Wow, is the bad news starting to come out in droves these days. The big news of the last couple of days, finally, isn’t an American story, and yet it’s affected American businesses as well as businesses around the world. Satyam Computer Services, one of the largest outsourcing companies in the world, had its CEO, Ramalinga Raju, come forth and admit that he and his company have falsely inflated its profits for years. He admitted that about $1 billion dollars of the cash they stated they had was false, and that figure accounts for 94% of the actual cash on hand, or around $60 million dollars.

In a day, the stock price of Satyam dropped about 80%, and the entire Indian index fell 7.3%, as the value of the rupee also fell. Some began calling this India’s version of Enron; we all remember what happened there.
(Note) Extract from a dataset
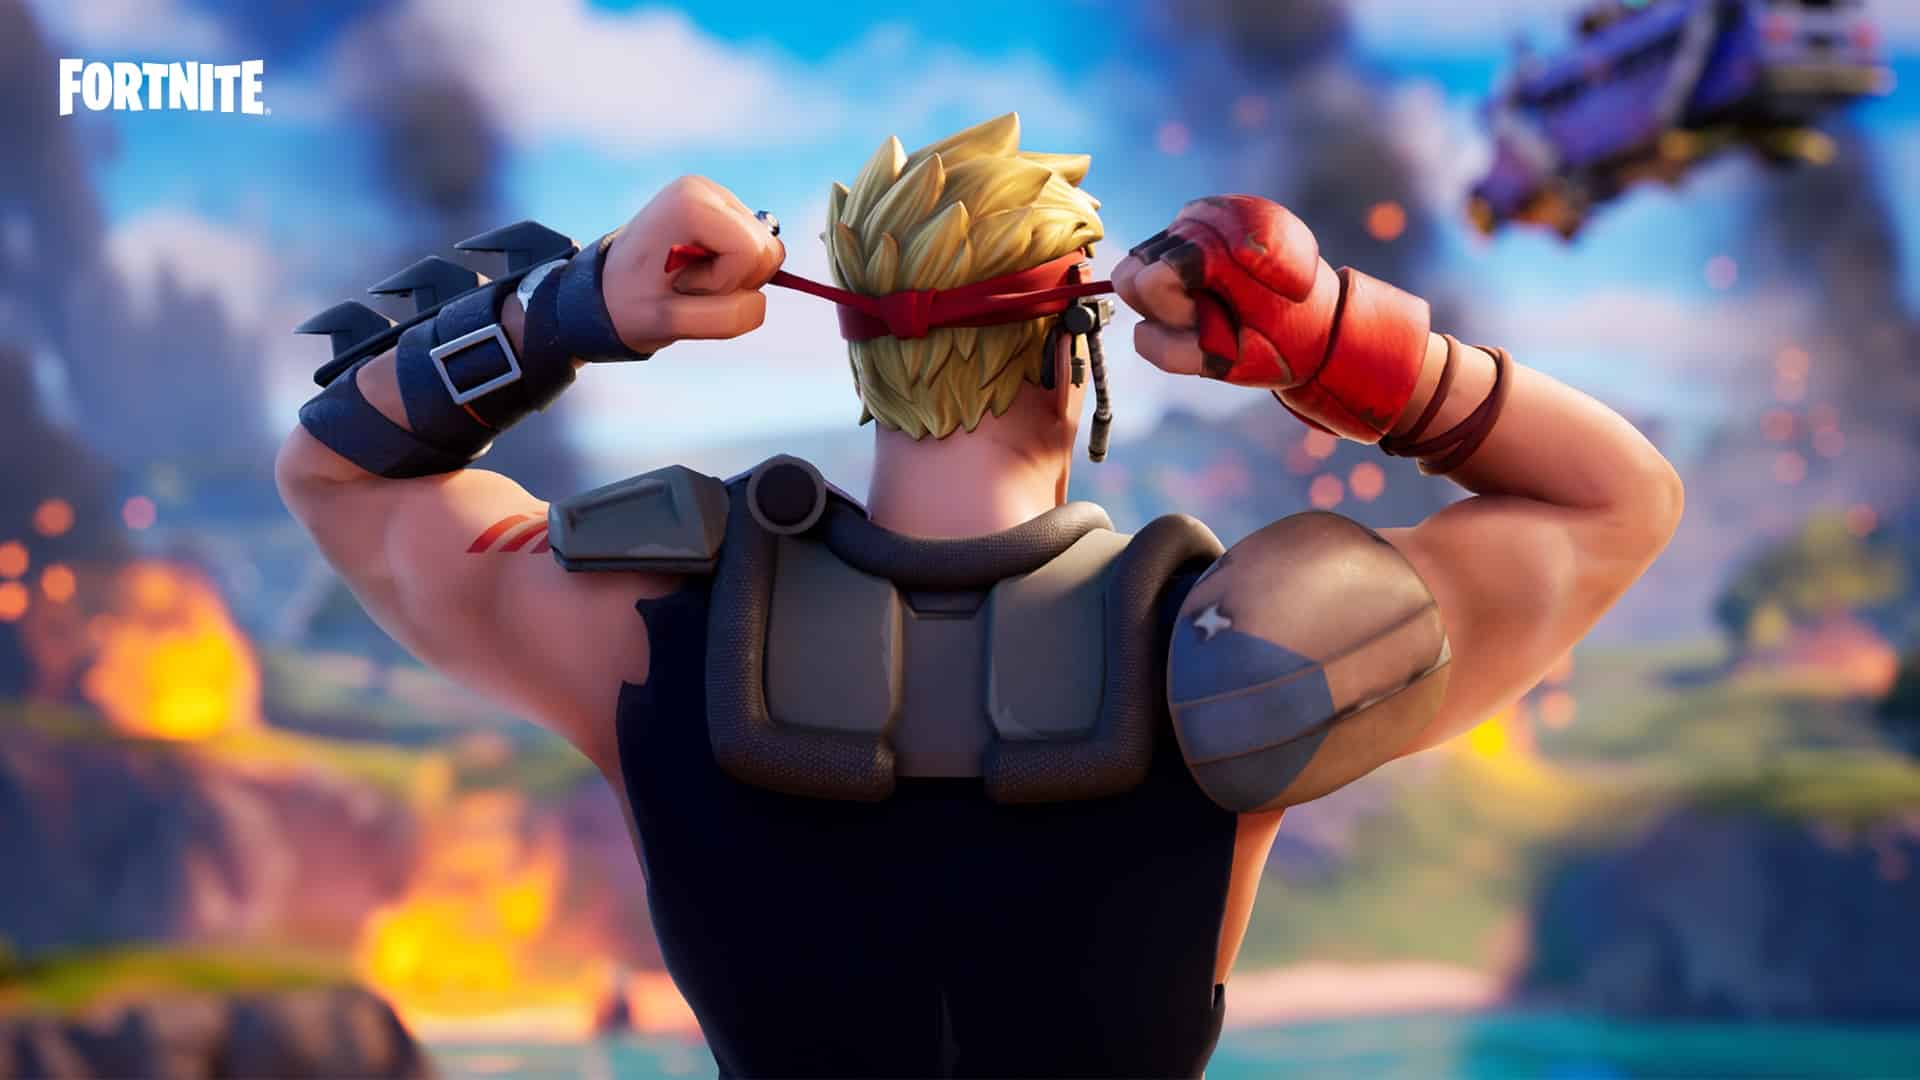 Fortnite Season 6 Teaser Reveals A New Gun That Might Be Coming To The Game

Of course, for a “mental genius”, the way Raju tried to solve the issue seems even more idiotic. His company came under scrutiny when they tried to buy two construction companies and, in the process of checking into their finances, found that things didn’t quite make sense, and of course the purchases were canceled. A quote written in a letter by Raju was “”It was like riding a tiger, not knowing how to get off without being eaten.”

In a twist of irony, just a few months ago Satyam received an award from a group of Indian directors for excellence in corporate governance. It reminded me of Bernard Madoff, who had also received an award of excellence just months before being found out.

Some U.S. companies have already filed class action suits in the US on behalf of those who purchased American Depository Receipts (ADRs) of the company; they certainly didn’t waste any time, did they? Of course, they could have, since it was a national holiday in India on Thursday, so no action could be taken to begin with.

It begs a couple of questions. One, once again, where was the oversight? It’s hard to believe that auditors wouldn’t have picked this up on their own, unless they knew what was happening. Two, who else knew? Raju’s brother, who also worked for the company, has resigned, although there’s no proof that he had any idea of what was going on. Three, it wasn’t even the Indian Securities Commission that outed Satyam; it was the World Bank. And four, what happens to Satyam now? Enron obviously didn’t survive, but they were an auditing company, and who would hire an auditing company that did what they did? Satyam supposedly delivers very adequate goods and services, and is a software company. They’ve already changed CEOs, as Raju waits to see what his ultimate fate might be. Will Satyam possibly lose customers who’ve enjoyed their services because of this admission, or will they feel that justice has been served in some capacity and keep working with Satyam? For that matter, will the Indian government allow Satyam to stay in business?

The odd thing is that it shows that it’s not just American businesses whose business practices needed to come under scrutiny. Unfortunately, we all know this isn’t the last story of this type we’re going to hear about either.